Hiçbir devrim kolay olmaz.

Hiçbir devrim sınavsız yaşanmaz.

Kaldı ki Suriye Devrimi 2011’den bu yana askerî ve sosyolojik olarak büyük bir sınav vermekte.

Devrim 13 yıllık mücadele ile geldi, 13 günde gerçekleşmedi.

Yeni Suriye kurulurken devletin yapısal dönüşümü sağlanacak ve anayasa yazımı gerçekleşecek.

Sürece dair en net kurulacak cümle; “Suriye Suriyelilerindir”. Bu bir realite.

Fakat Suriye’nin coğrafi haritasını gözünüzde canlandırırsanız ‘Suriye’yi, Suriye’ye bırakmama çabasının’ olacağını da çok net görürsünüz.

Suriye’nin “sorunlu komşu”ları olarak İsrail ve İran rahat durmayacak!

Uzun vadeyi Allah bilir ama yakın ve orta vadede Yeni Suriye’nin bu ‘sofistike kötülükle’ mücadele etmesi, ülkenin kaderi olarak görülmekte!

İran’dan medyaya servis edilen cüretkâr ve hazımsız açıklamalar Suriye yenilgisini kabul edip kendi iç meselelerine odaklanmayacaklarının habercisi!
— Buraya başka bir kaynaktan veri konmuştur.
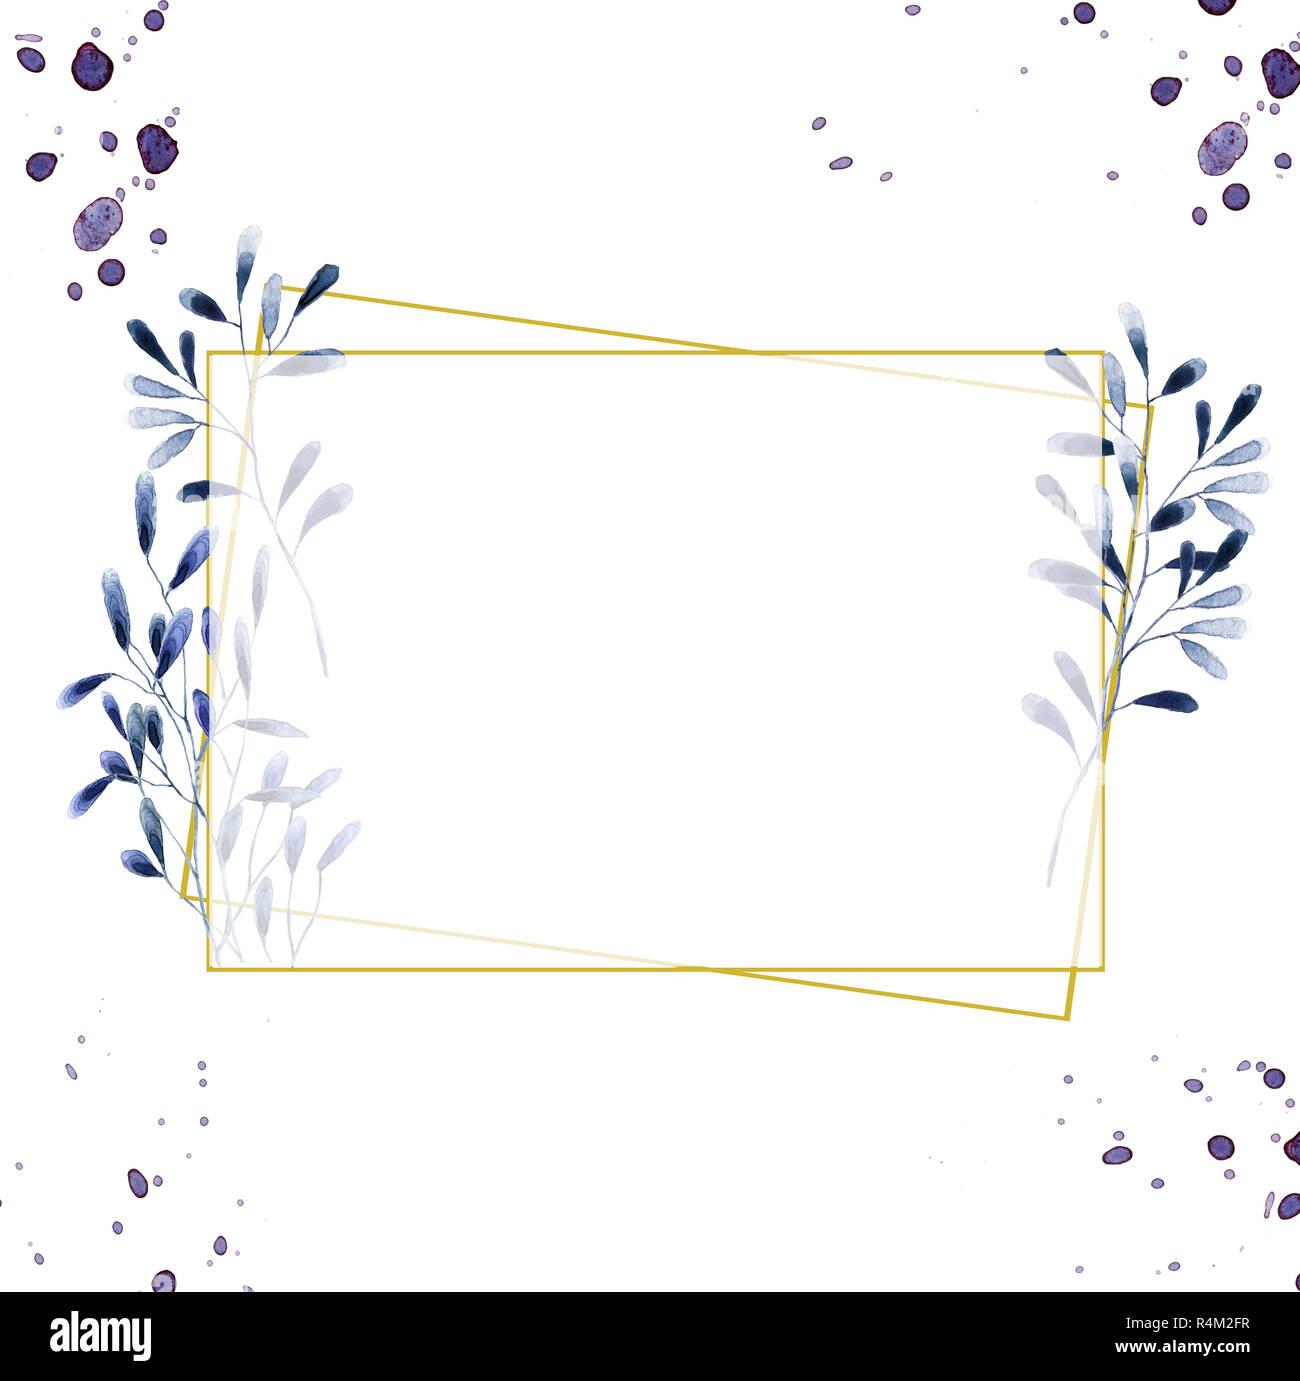 https www alamyimages fr invitation de mariage carte d olive inviter floral floral et geometrique magnolia cadre dore imprimer rectangle losange cadre arriere plan blanc image226634459 html
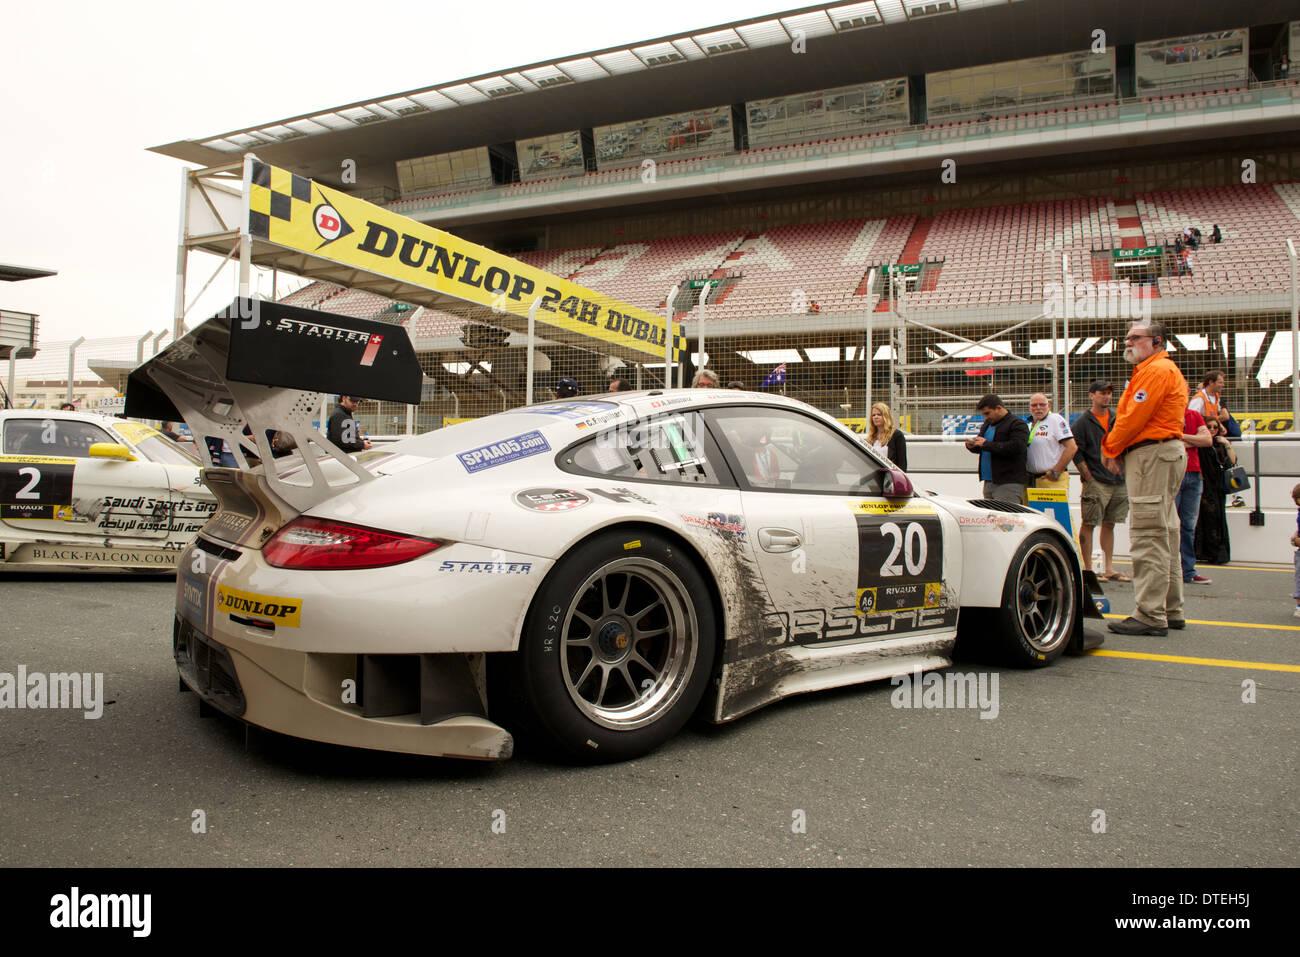 Die siegreiche Porsche 977 GT3 R des Stadler Motorsport-Teams in den Parc Fermé nach dem Gewinn der Dunlop Stockbild

İnsanlar gibi milletlerin de meşrep ve tıynetleri vardır.

İran, Müslüman dünyada azınlık psikolojisi ile hareket etmekte ve yayılmacı reflekslerini kontrol edememektedir. Şiiliği Sünnileri tahakküm altına alma misyonu gibi algılayan İran, ne yazık ki bölgede milyonlarca Müslüman kanının akmasına neden oldu.

İran’ın genetiğinde bu var.

Tarihî karşılaşmalar bize göstermiş ki gerektiğinde kılıç çekmek, bu illetlere karşı farz olmuştur.

Değilse virüs gibi sürekli bulaşma riski göstererek hep bir tehdit alanı olarak varlık sürdürme riski taşır.

İRAN RİSKLİ TERCİHİN ARİFESİNDE

Günümüze geldiğimizde özellikle Türkiye’deki dindar Sünni kitle, İran ile karşıtlık üzerinden değil, kardeşlik üzerinden köprü kurmaya gayret etti.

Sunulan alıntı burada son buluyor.